How to automatically download blastn database, run blastn, and extract blastn hit sequences

M. Asaduzzaman Prodhan^*

Content

01. Blastn database download and update [Automated by NCBI tool]

02. Blastn database download and update [Automated by bash script]

03. Blastn execution [User-interactive bash script & Nextflow DSL2 script]

04. Blastn hits sequence extraction [User-interactive bash script]
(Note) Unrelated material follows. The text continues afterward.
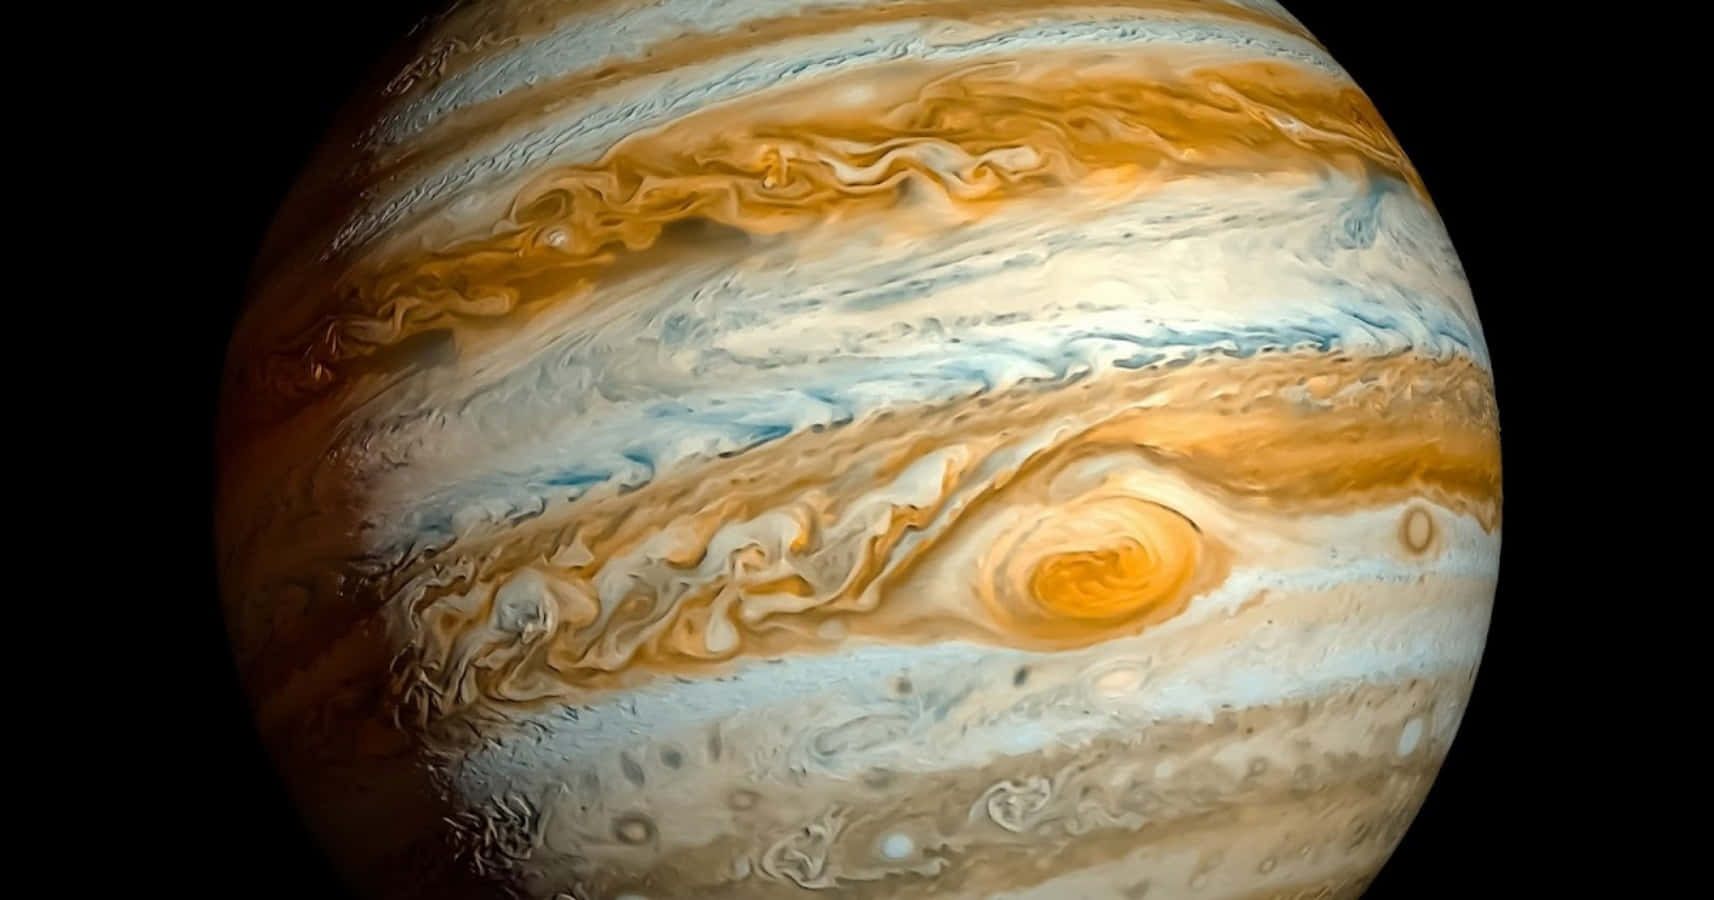 Dieoberfläche Des Jupiter Ist Auf Diesem Bild Zu Sehen.

05. Blastn common errors and solutions

Download or update blastn database using NCBI-supplied script

Using NCBI-supplied script

• Create a conda environment for blastn

conda create -n blastn_db

• Activate the blastn environment

conda activate blastn_db

• Copy the link of the latest blast executable from the following link

https://ftp.ncbi.nlm.nih.gov/blast/executables/blast+/LATEST/

• download the executable as follows

wget https://ftp.ncbi.nlm.nih.gov/blast/executables/blast+/LATEST/ncbi-blast-2.15.0+-x64-linux.tar.gz

• Extract the downloaded file as follows

tar -zxvf ncbi-blast-2.15.0+-x64-linux.tar.gz

• Navigate to the following directory

cd ncbi-blast-2.15.0+/bin

• Add this path to the PATH environmental variable. See how to do this in my tutorial:

https://github.com/asadprodhan/About-the-PATH

• Copy the update_blastdb.pl from the ncbi-blast-2.15.0+/bin directory to the directory you want to download the blastn database

cp ./update_blastdb.pl databaseDirectory

• Run the script as follows

run ./update_blastdb.pl --decompress nt

Download will automatically start

When the download is complete, confirm that all the nt files have been downloaded. You can do that by cross-checking nt file numbers between https://ftp.ncbi.nlm.nih.gov/blast/db/ and your directory

If you don't have all the nt files in your directory, then you will get "BLAST Database error: Could not find volume or alias file nt.xxx in referenced alias file"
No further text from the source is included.